Agile is not a new word to the world of Information Technology. Automation has been said to be one of the key practices to making an Agile project possible. This in many ways may be considered true. I have been going through some good established practices of Agile, where most have been based on some basic level of automation, which helped in making a success of the project. I have penned down some thoughts on what it means to have test automation along with Agile practices.
There are many schools of thought which have gone into the agile way of doing a project and managing the various components that finally lead to the delivery of the project. When we consider Agile and its various derivatives, we come to realize that each Organization has their own way of dealing with the complexities that come with it. There is mention of starting with a session to discuss and elaborate on what the scope of the project is and how it can be broken into smaller pieces which then become the initial requirements. These can then be distributed to the team and made into story cards, attached with t-shirt sizes and put up on the scrum board to be picked up in batches by the team and worked on. In this fashion, a project progresses with the minimal of friction and gets completed within the estimates provided by the t-shirt sizes. Most of the time this might not be entirely true, but this is how some Organizations perceive Agile and practice it; in the process giving negligent time for the automation, as manual tests take up the majority of time to complete.
When we talk of automation in Agile, it not only consists of the testing component, but an overall ‘continuous integration’ component. From the check-ins, build, unit tests, defect handling, integration & system tests to the final deployment on the ‘test’ server for doing the User Acceptance Testing (UAT). Agile shops majorly miss out on this flow which should be the first thing to be completed for a Project to perform smoothly through its life-cycle. There are a multitude of tools available for making these tasks simpler and more robust, to name just a few which I have used – Jenkins/AntHill, Maven/MSBuild/make/Ant, SVN/Git, JIRA/FishEye, Crucible, TOSCA/QTP/pCloudy.com/Selenium.

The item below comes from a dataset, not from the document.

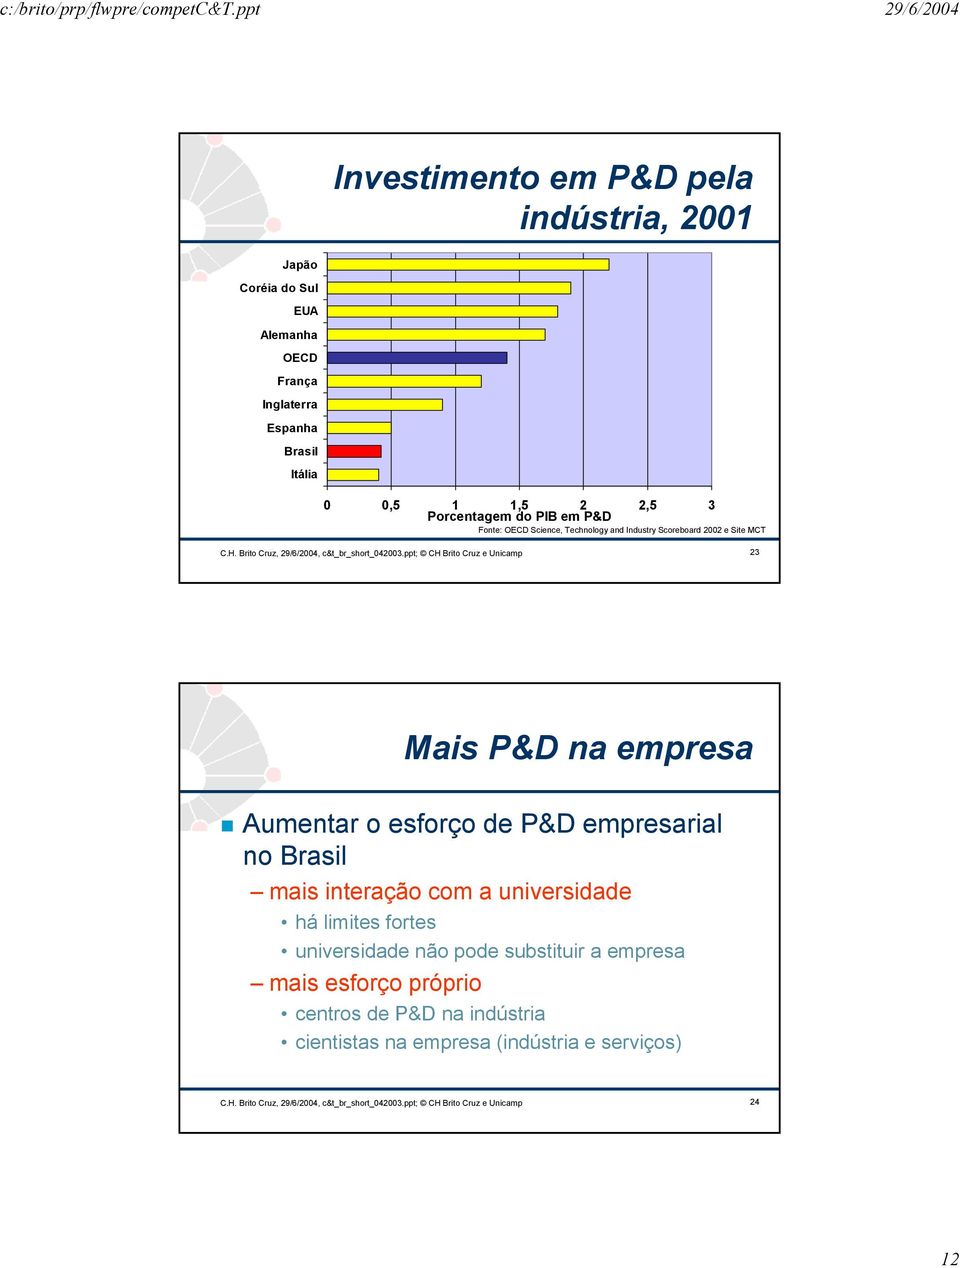 ppt; CH Brito Cruz e Unicamp 23 Mais P&D na empresa Aumentar o esforço de P&D empresarial no Brasil mais interação com a universidade há limites fortes
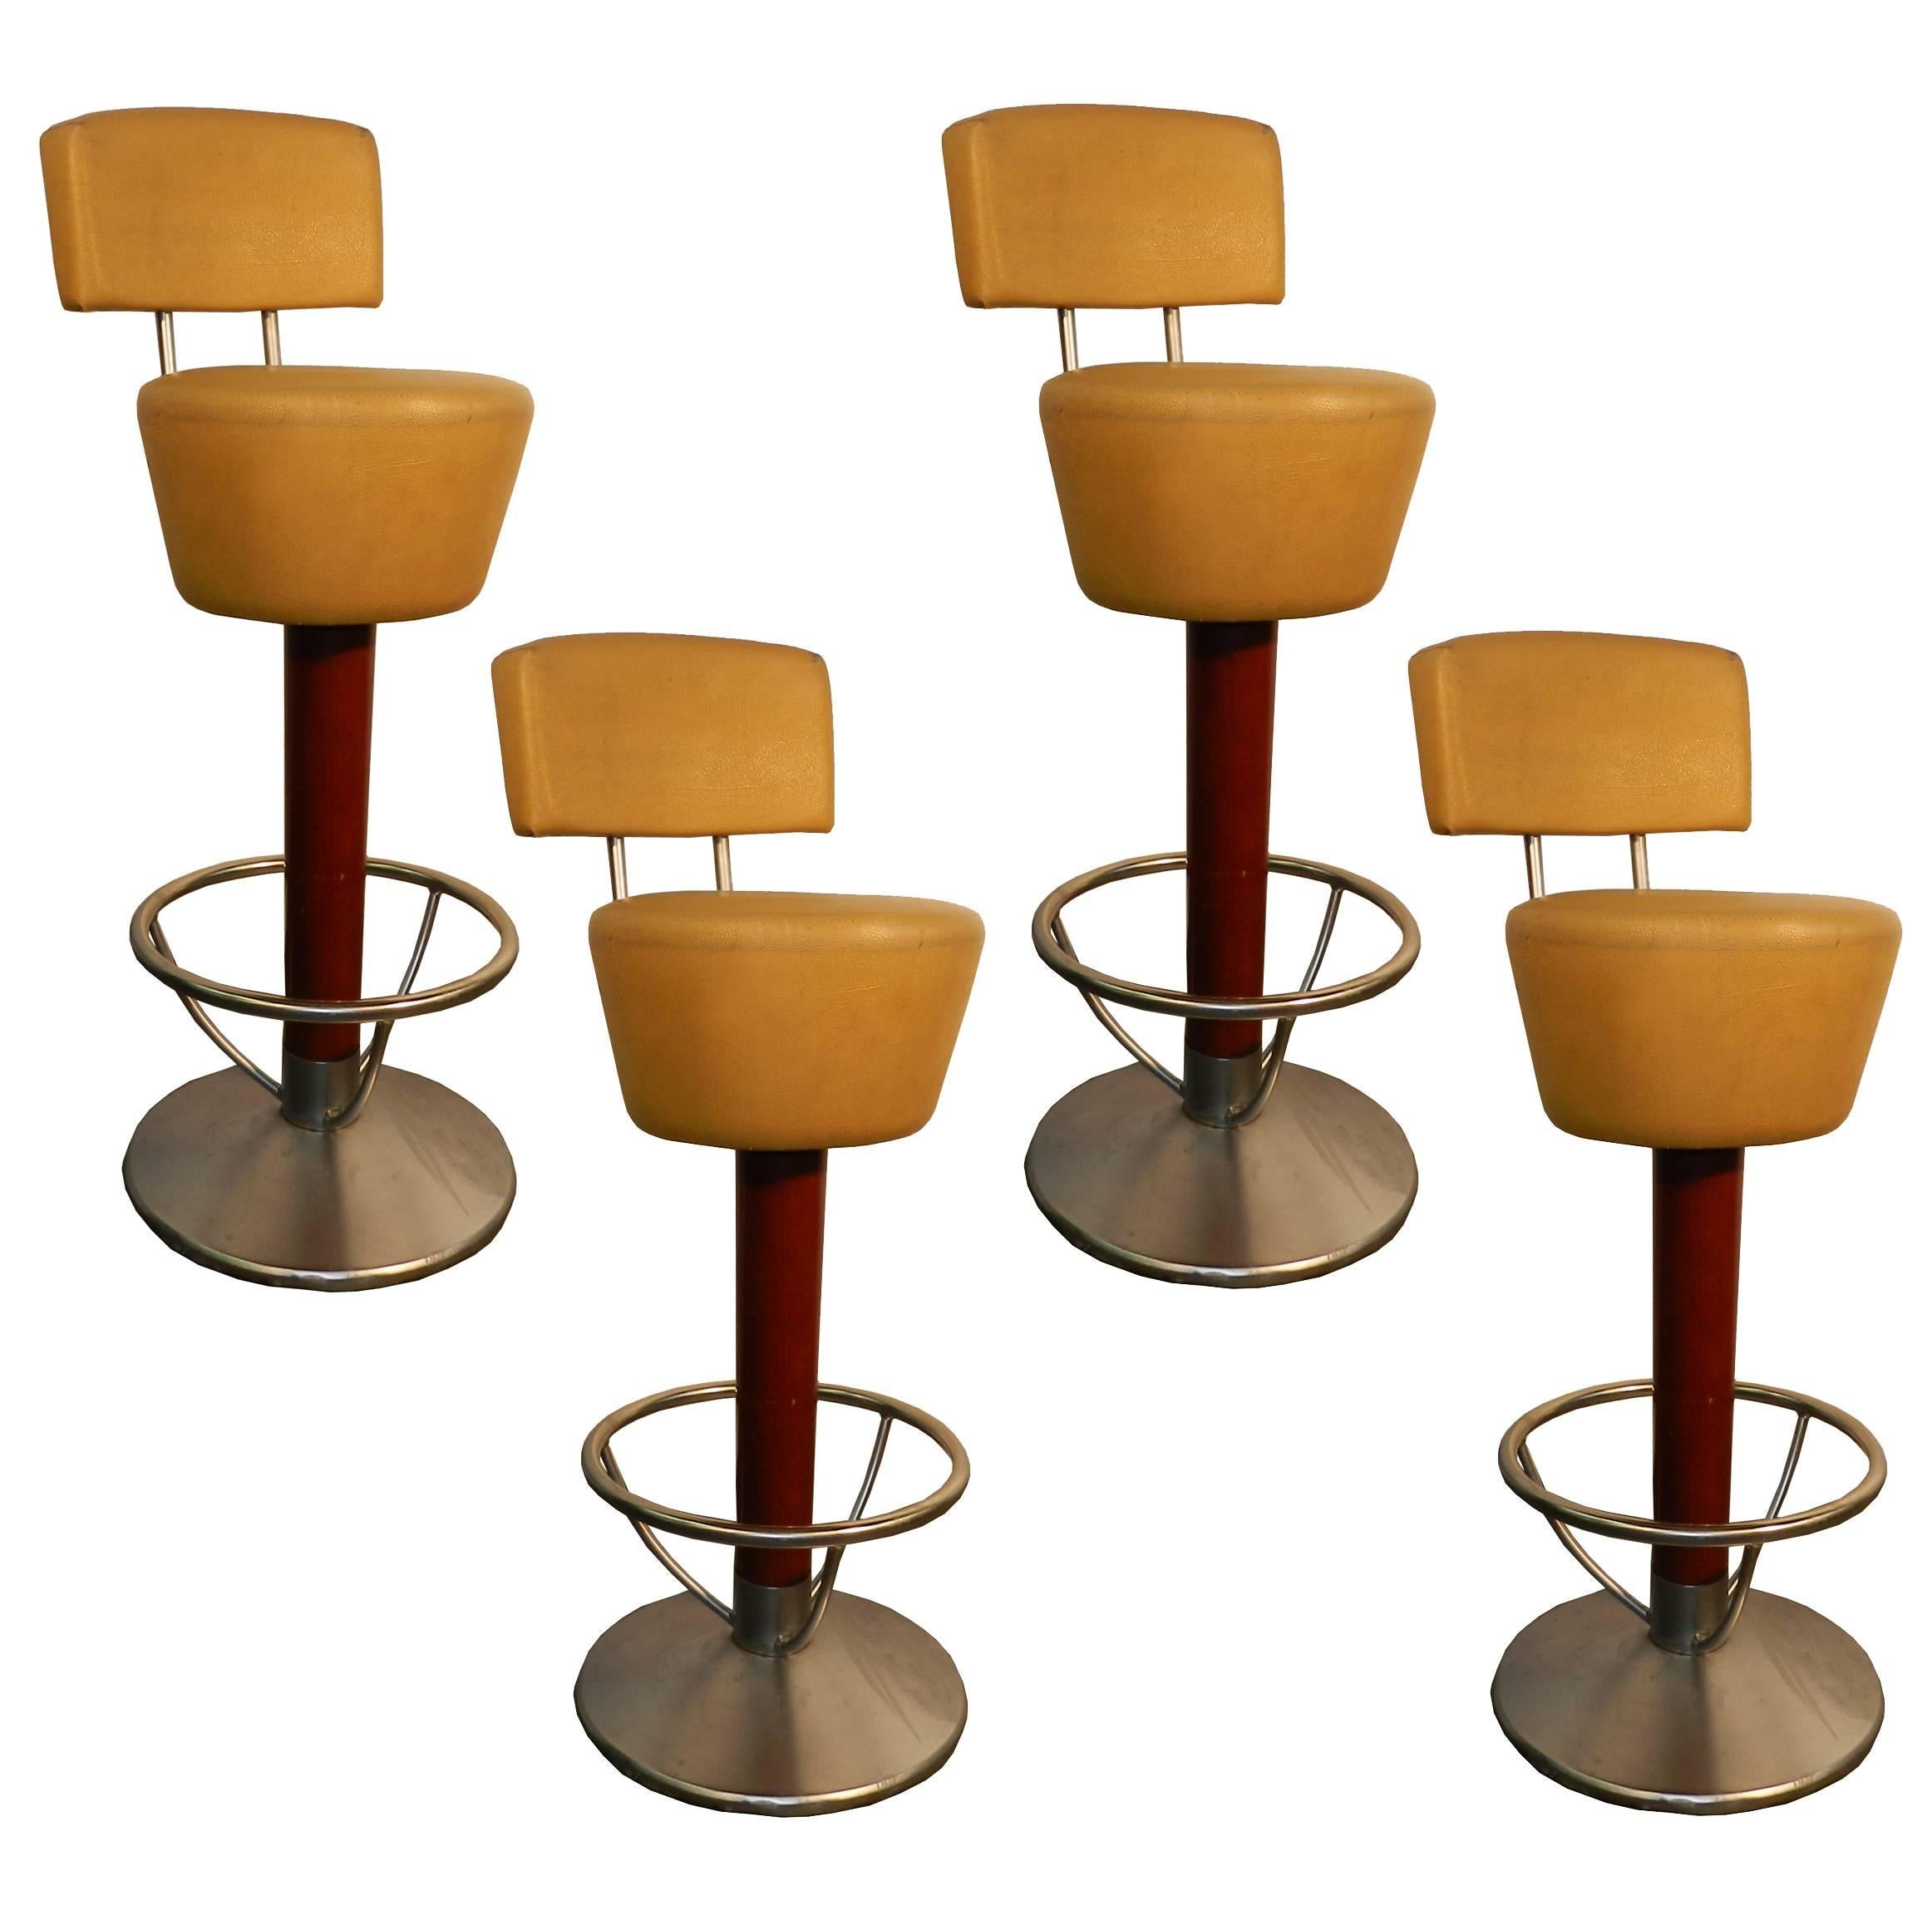 Suite de quatre tabourets de bar en hêtre teinté, acier et similicuir, vers 1970

In the path to Agile, we forget that we need to do the planning for automating our complete build-deploy process also and that includes the crucial part for integration & system tests. A thoughtful planning would be to make the initial framework using stubs for the interfaces and when these get built, replace them with the real thing. Often what I see is the perception that automation should be started when a clear and stable build is provided; yes, in a way this might be true, but not for Agile, where you really need to be agile and think on your feet. Start by implementing a strategy, wherein you have stubs ready and a CI platform available to make sure that testing can be done without code. This was the first lesson I was taught, we were to create test cases based on the ‘pseudo-algorithm’ and the interfaces that we have written. The tests need to be developed in a way that all fail initially and as and when the code is delivered they start to pass according to the requirements provided.
If you have done this then you have taken that crucial step towards Agile automation, that will take you a long way in making the project a success for you and your Team.